UNICEF Executive Director Catherine Russell visited a boys' school in Kassala State this week to help bring attention to the dire situation in Sudan. According to the UN children's body, an estimated 10 million people - half of them children - have been displaced in Sudan following a brutal civil war.

More than 150-thousand people are believed to have died. During the visit Russell called for urgent action to safeguard children and essential services.

Sudan plunged into a civil war in April 2023 after a struggle for power broke out between its army and a powerful paramilitary group, the Rapid Support Forces (RSF). It has led to a famine and claims of a genocide in the western Darfur region - with fears for the residents of city of el-Fasher after it was recently captured by the RSF.

According to UNICEF, more than 30 million people require humanitarian assistance.
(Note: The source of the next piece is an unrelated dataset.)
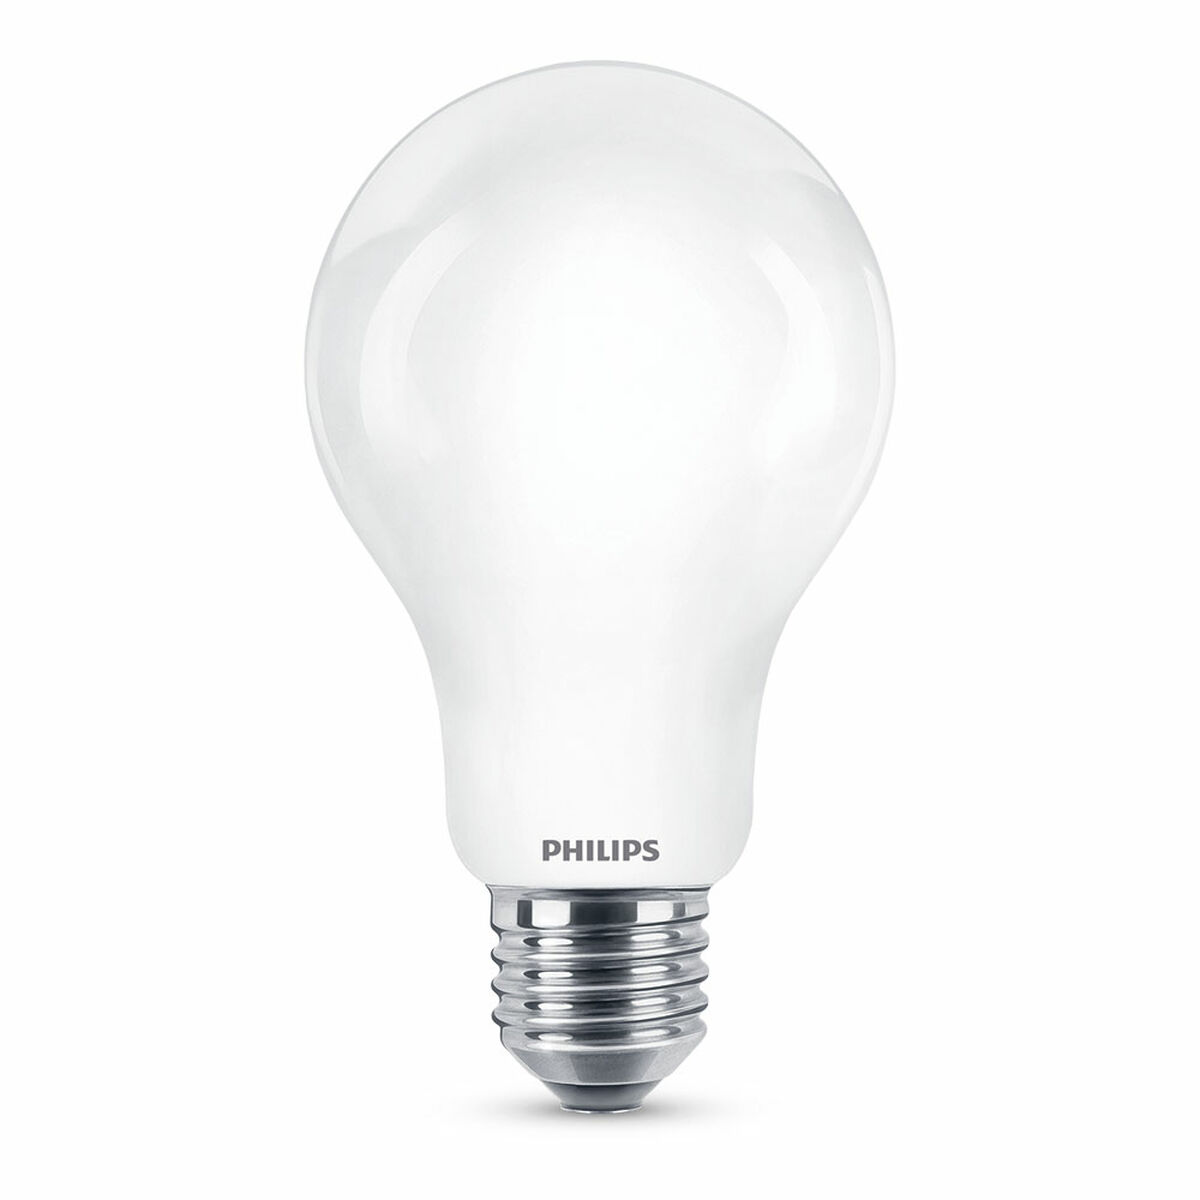 Lampe LED Philips 2452 lm E27 D 17,5 W 7,5 x 12,1 cm (6500 K)

They say children are trapped in besieged and hard-to-reach areas, including in the Darfur and Kordofan regions, are especially vulnerable, where access to food, water and medical supplies remains practically cut off.

Recent attacks on 8th December also directly hit a kindergarten in South Kordofan and killed at least 63 children.

UNICEF also says that women and girls are bearing the brunt of the crisis, including horrific levels of sexual violence.

During her visit to Kassala, Russell also met women and adolescent girls receiving psychosocial support and skills training at a UNICEF-supported centre.

Many fled violence and found care and safety at the centre, but similar services are extremely limited in Darfur and Kordofan states due to ongoing insecurity. Famine has been declared in parts of Darfur and Kordofan regions, with the risk of spreading.

Families attempting to flee face dangerous routes, and those who reach safer areas often arrive severely malnourished, sick and distressed. Russell also visited As-Senniya internally displaced people’s site in Port Sudan where UNICEF has aid projects.

The UN body says it is helping to identify and registrar unaccompanied and separated children, with more than 200 reunifications in North Darfur. It is also providing child protection, psychological care, training and cash for survivors as well as the restoration of safe water and medical clinics.

UNICEF has called for an immediate end to the violence and for all parties to uphold international humanitarian law, "ensuring the safety and dignity of every child and civilian."